第2話 昼食をともに

「待って、すこしだけ待ってください」


 話を続けようとする占い師を制し、私は店のドアの外に休憩中の札を提げた。

 本日お渡しのお客様はすでにご来店済みだったし、ちょうどそろそろお昼の頃合いだったのだ。


「これでよし、と。

 じゃあ、奥の部屋で話しましょうか。

 サンドイッチあるけど食べます?」

「なにこの展開……」


 目を丸くしている。

 まあ、それはそうだろう。

 いきなりやってきて婚約破棄を迫るなんて、迷惑千万な行為である。

 歓待を受けるいわれなどないという自覚は、どうやら彼女にもあったらしい。


(でも私、気に入っちゃったから)


 客商売をして日は浅いが、人を見る目には多少の自信があった。

 たしかにこのひとのやっていることは無茶苦茶だけど、その根底にはたぶん、悪意や害意があるわけではない。

 たぶん、だけども。


 私は店舗の奥にある、キッチン兼ダイニングルームに彼女を案内して座らせると、ひとりで食べるにはすこしだけ……いやだいぶ多いサンドイッチの皿をテーブルに置いた。


「あのですね、べつに私は大食いじゃないんです。

 いつもはお昼に半分くらい食べて、あとはおやつとかそういう感じで、暇なときにちょこちょこつまむというか……。

 あはは、まあ、一緒に食べましょう!」

「エレーナ、あなた太るわよ」


 うわっ。

 思わず私は自分の身体を見た。


 占い師さんみたいなすらっとした身体じゃなくて、背が低くてちんちくりんな感じだ。

 いまはまだ太っているとは思わないが、たしかに、この体格でたくさん食べていたらそのうち太りそうな気がする。


「そ、それって占いで見えるんですか?

 未来の私って太ってます?」

「ああー、占いか。

 ごめんごめん、さっきのは軽口。

 未来のあなたは太ってないわ。

 たまーに気にしてダイエットするけど、どうせ続かないし、でも周りから見たらべつに太ってないって感じ」

「詳しっ!」


 けど、ありがち!

 その未来、なんだか私にも見えてきた。

 こんな想像でいいなら私も占い師になれるかもしれない。


 思わず笑ってしまう。

 すると、彼女もリラックスしてくれたようで、タマゴのサンドイッチをひと切れ食べてくれた。

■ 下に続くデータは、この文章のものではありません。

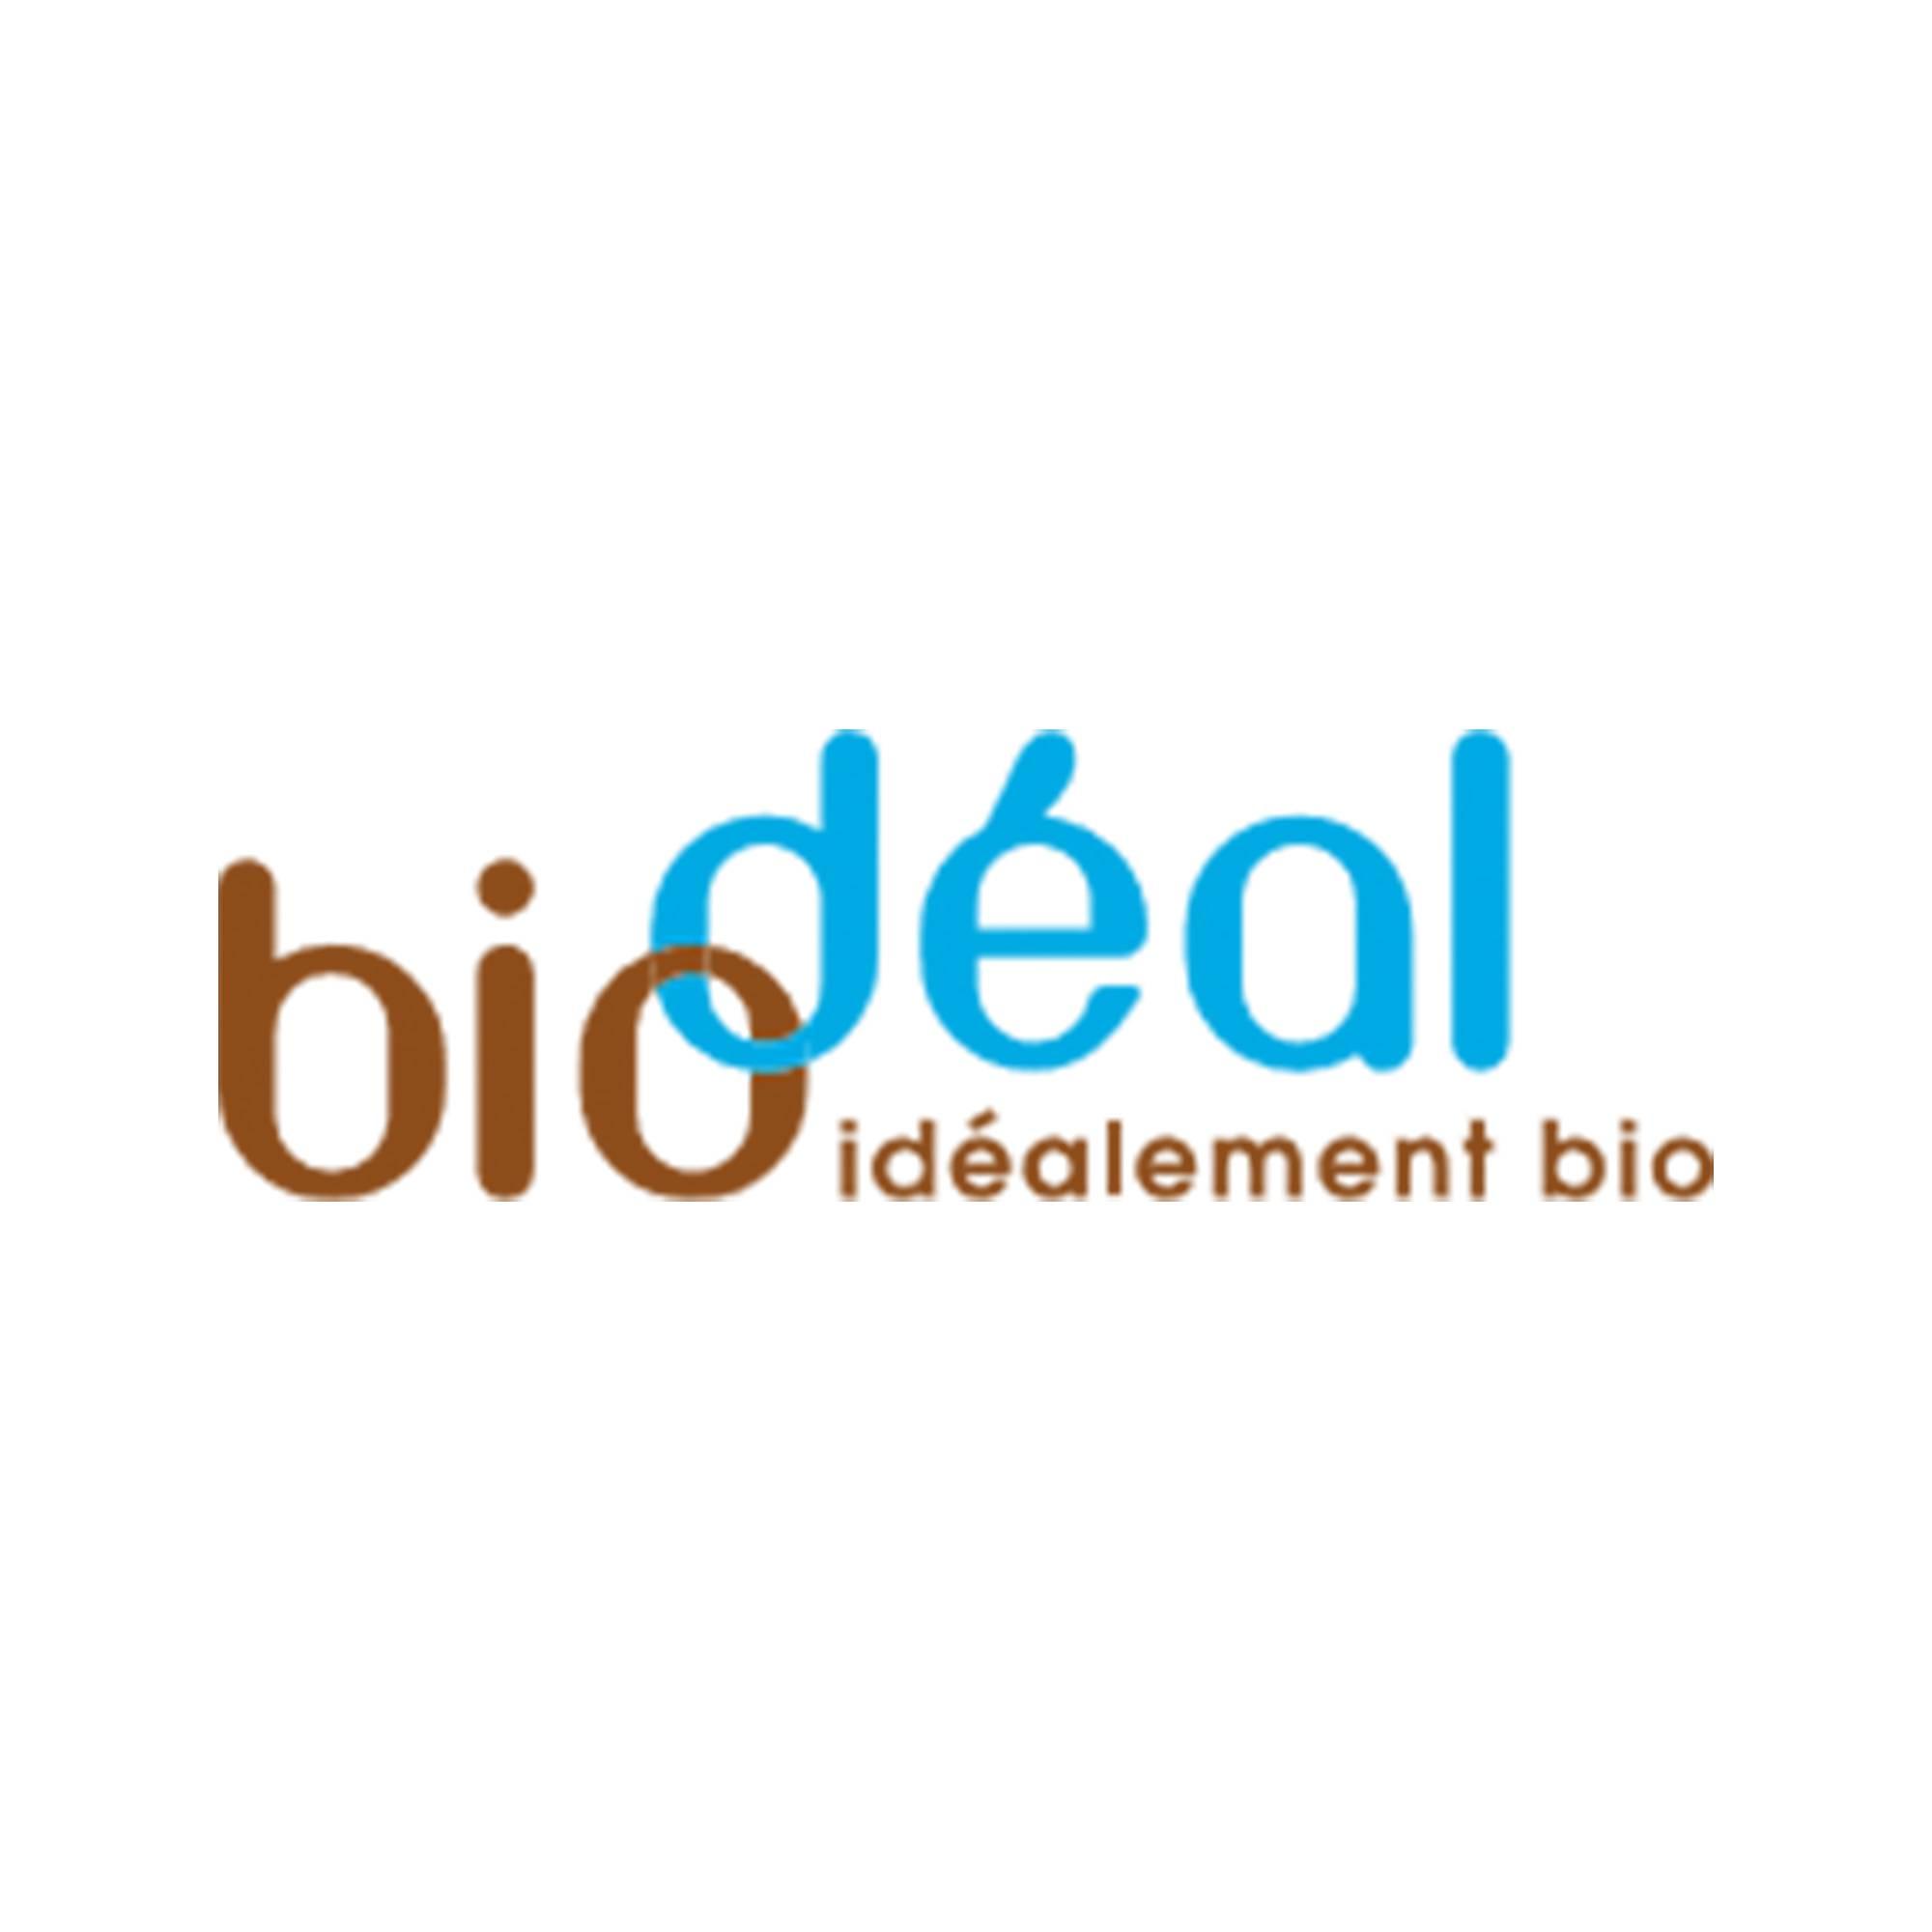 Logo Biodéal
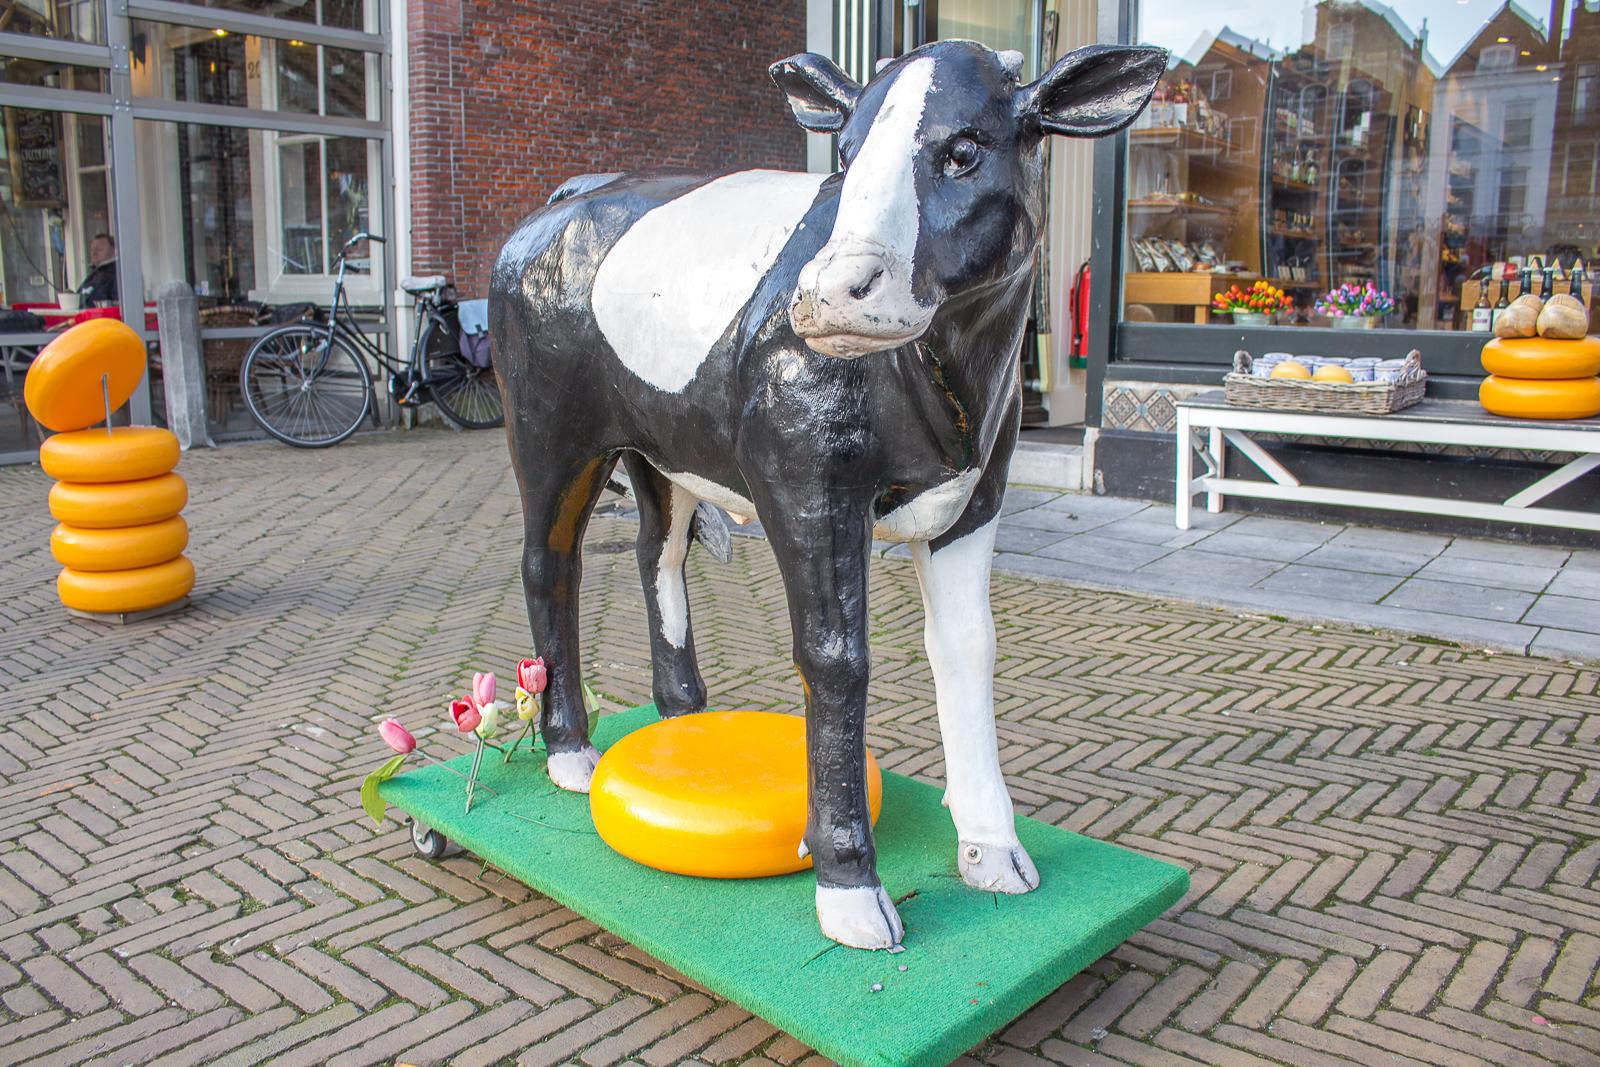 delft, südholland, holland, niederlande, städtetrip, sightseeing, Best Western, Hotel, Museumshotel

 美人さんの薄い唇に吸い込まれると、私がいつも食べているただのサンドイッチでも、貴族の優雅な食事に見えるのだからふしぎだ。


 ちょちょんと上品に口を拭いて、彼女はいう。


「いきなりこんなに信用してくれて、嬉しいけど、ちょっと驚いちゃった。

 わたくしの名前はオルガ。

 ねえ教えて、なんで信じてもらえたわけ?」

「ん~」


 完全に信じたわけじゃないんだけど。

 そこは説明しづらいから、まあいいか。


「さっき噛みましたよね。

 あれが決め手といえば決め手です」

「はー、そんなことってあるのね」


 じゃあ今度からまず噛もう、とか呟いている。

 わざとやったら意味ないと思うけど。

 そんな天然な感じも好ましいから私は黙っていた。


 オルガと私は、結局ふたりでサンドイッチを平らげた。


「ふたりで食べたからカロリー半分ですね」

「あなた、三分の二は食べてたわよ。

 もっとかも」

「半分です!」


 なんか、楽しい。

 初対面なのに、オルガがうまく私を扱ってくれているせいか、ずっと一緒にいるみたいに心地がいい。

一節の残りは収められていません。